© AP Photo, Amel EmricБосния редко попадает в заголовки новостей: после Дейтонского мира 1995 года война в республике прекратилась, а тлеющий конфликт сербов, мусульман и хорватов мало кого интересует. Но внешнее правление, организованное Евросоюзом и НАТО, не стало успехом. Оно оказалось вполне совместимо с коррупцией, нищетой и депопуляцией.
В начале оскароносного фильма режиссера Даниса Тановича «Ничья земля», действие которого происходит в Боснии во время войны 1992-1995 годов, солдат боснийской армии читает в окопе газету. Вдруг он обеспокоенно восклицает: «Смотрите, какое дерьмо происходит в Руанде».
Говорят, что эта сцена взята из реальной жизни. Для зрителей она стала лакмусовой бумажкой.

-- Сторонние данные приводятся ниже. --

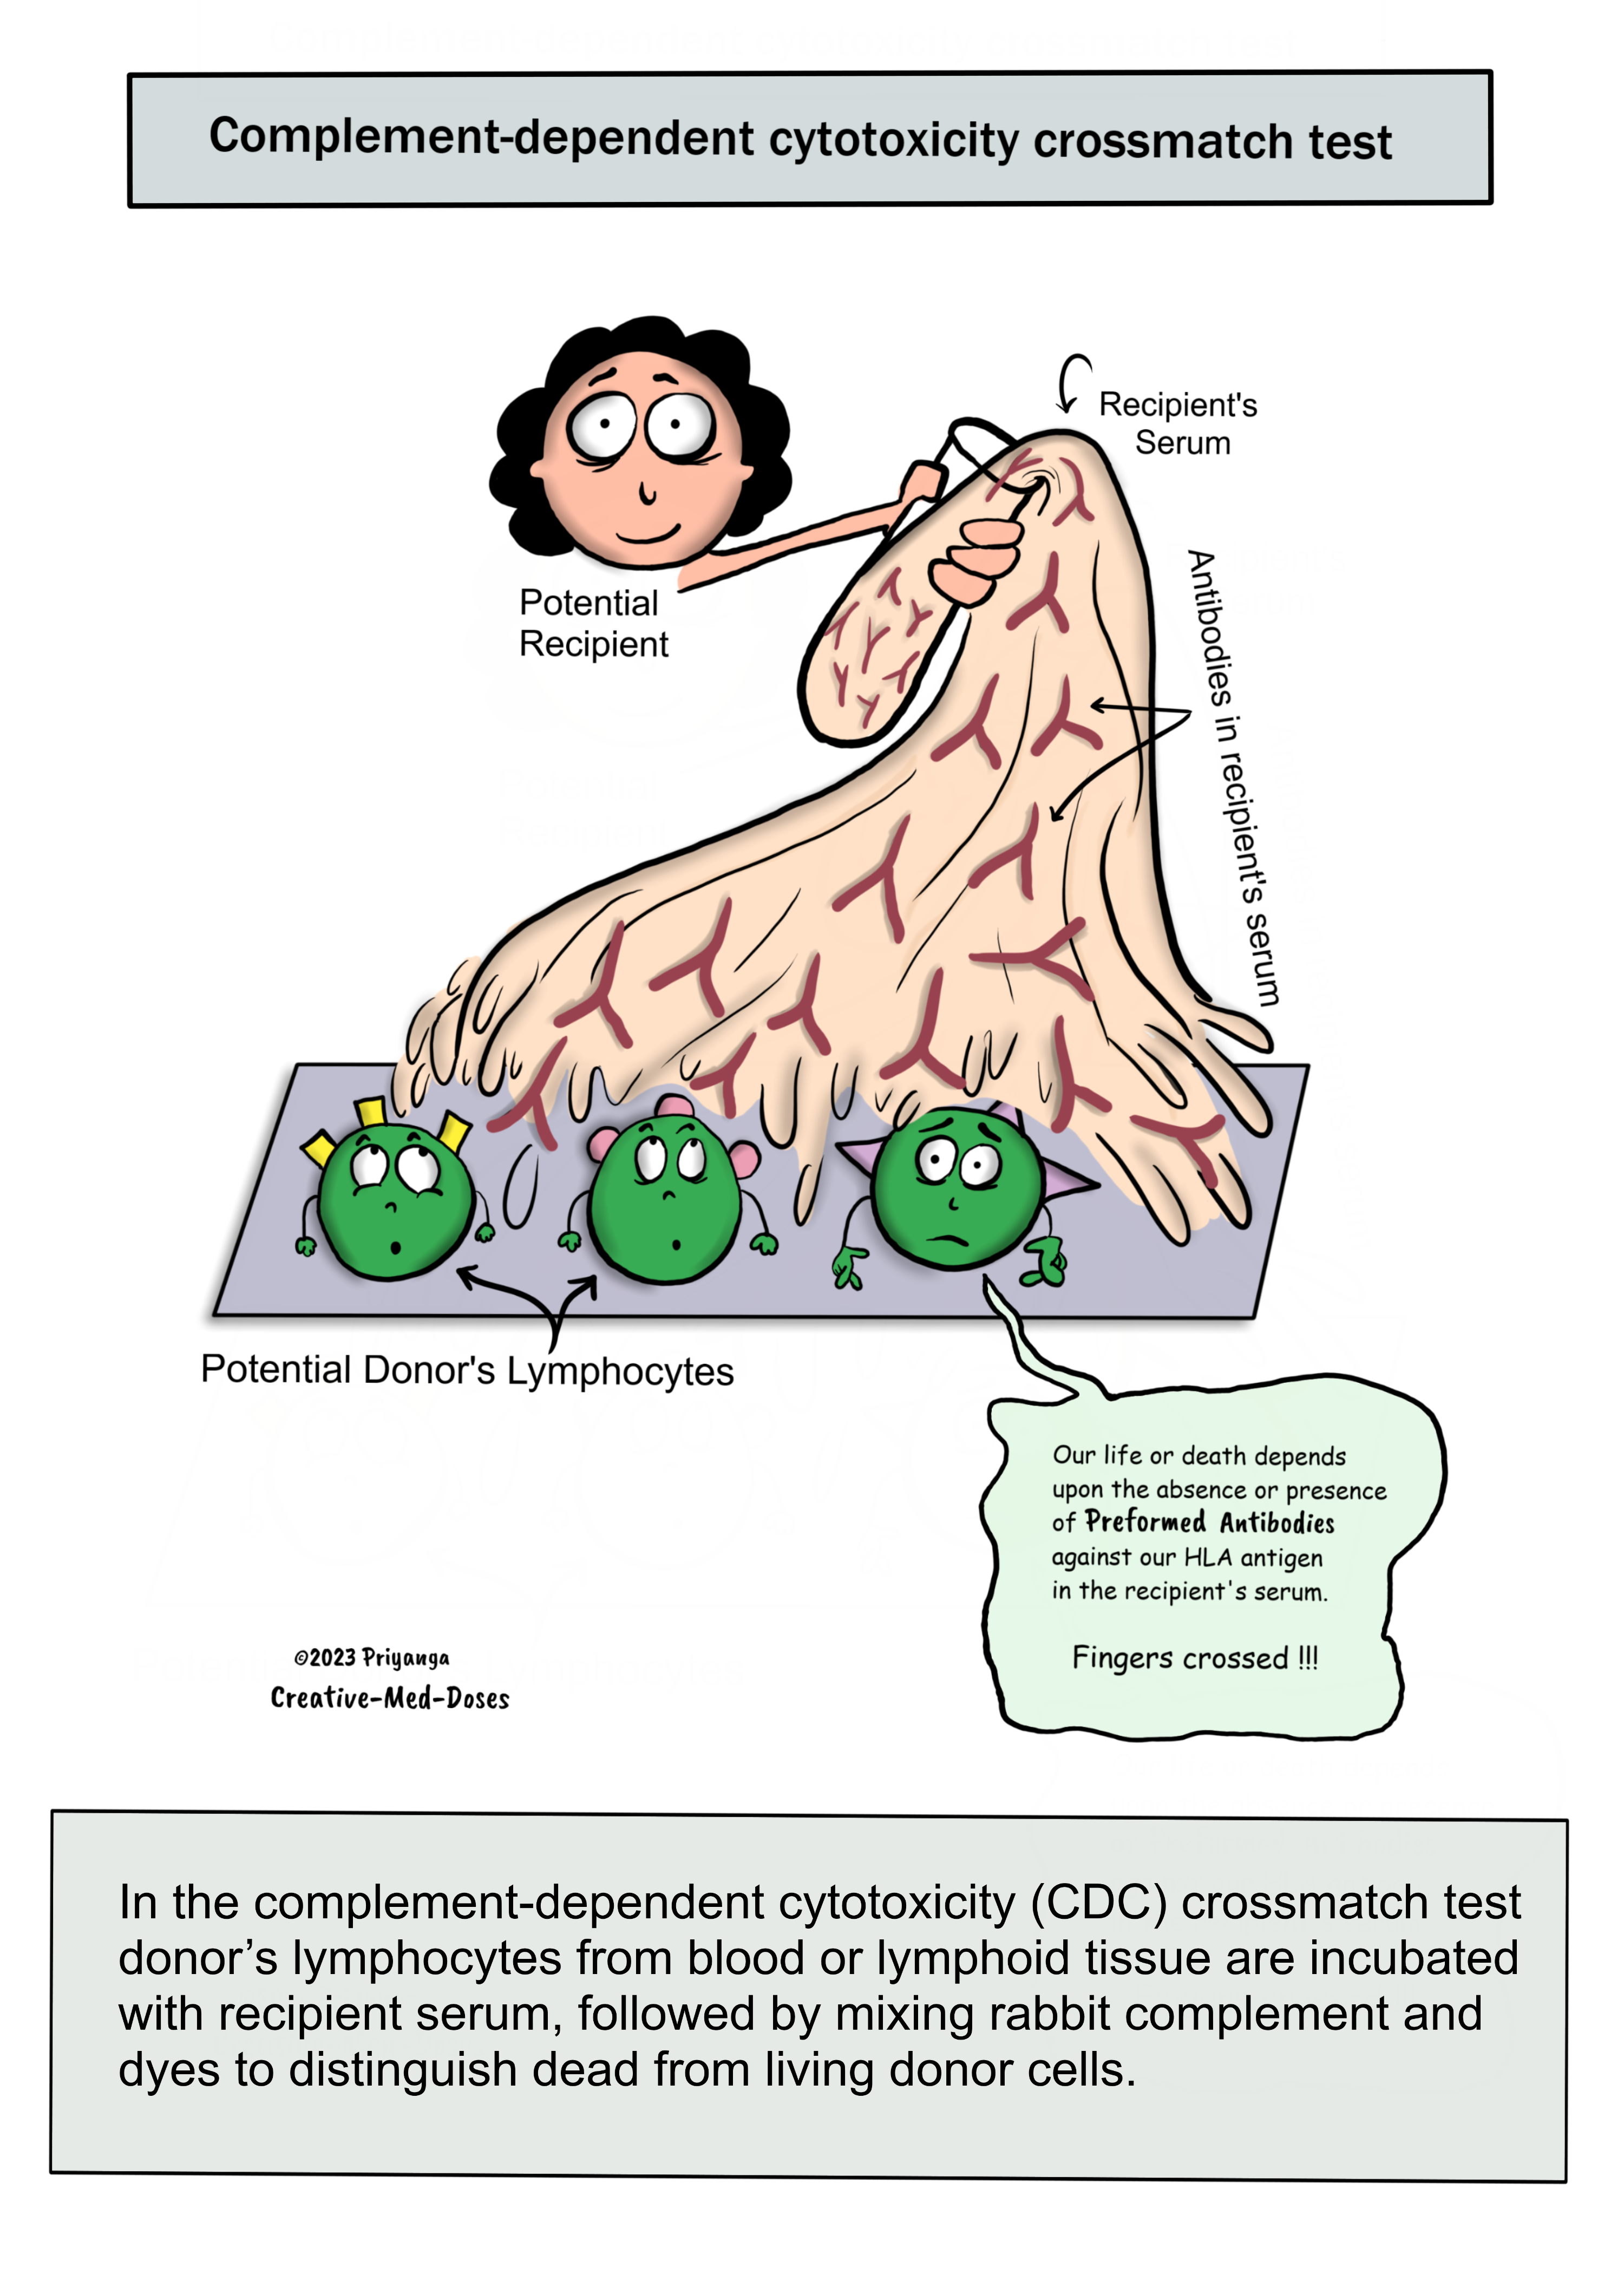 Complement-dependent cytotoxicity (CDC) crossmatch

Смеялись вы или нет, воспринимать это можно двояко. Во-первых, как доказательство того, что боснийцы способны сочувствовать другим людям, оказавшимся в беде, хотя у них самих обстоятельства немногим лучше. Второе толкование менее лестное. Может быть, этот безымянный солдат настолько невосприимчив к своему отчаянному положению, к смерти и разрушениям, которые стали определяющей чертой Боснии на начальном этапе ее независимости, что геноцид в Руанде занял более важное место в его сознании?
Находясь в 1992 году в Сараево, я отпраздновал свой восьмой день рождения. А через несколько недель все началось. Родители устроили мне праздник, не ведая о том, что на востоке Боснии и в долине Дрины, которая является естественной границей между Боснией и Сербией, сербские националисты уже начали этнические чистки среди бошняков, как называют боснийских мусульман.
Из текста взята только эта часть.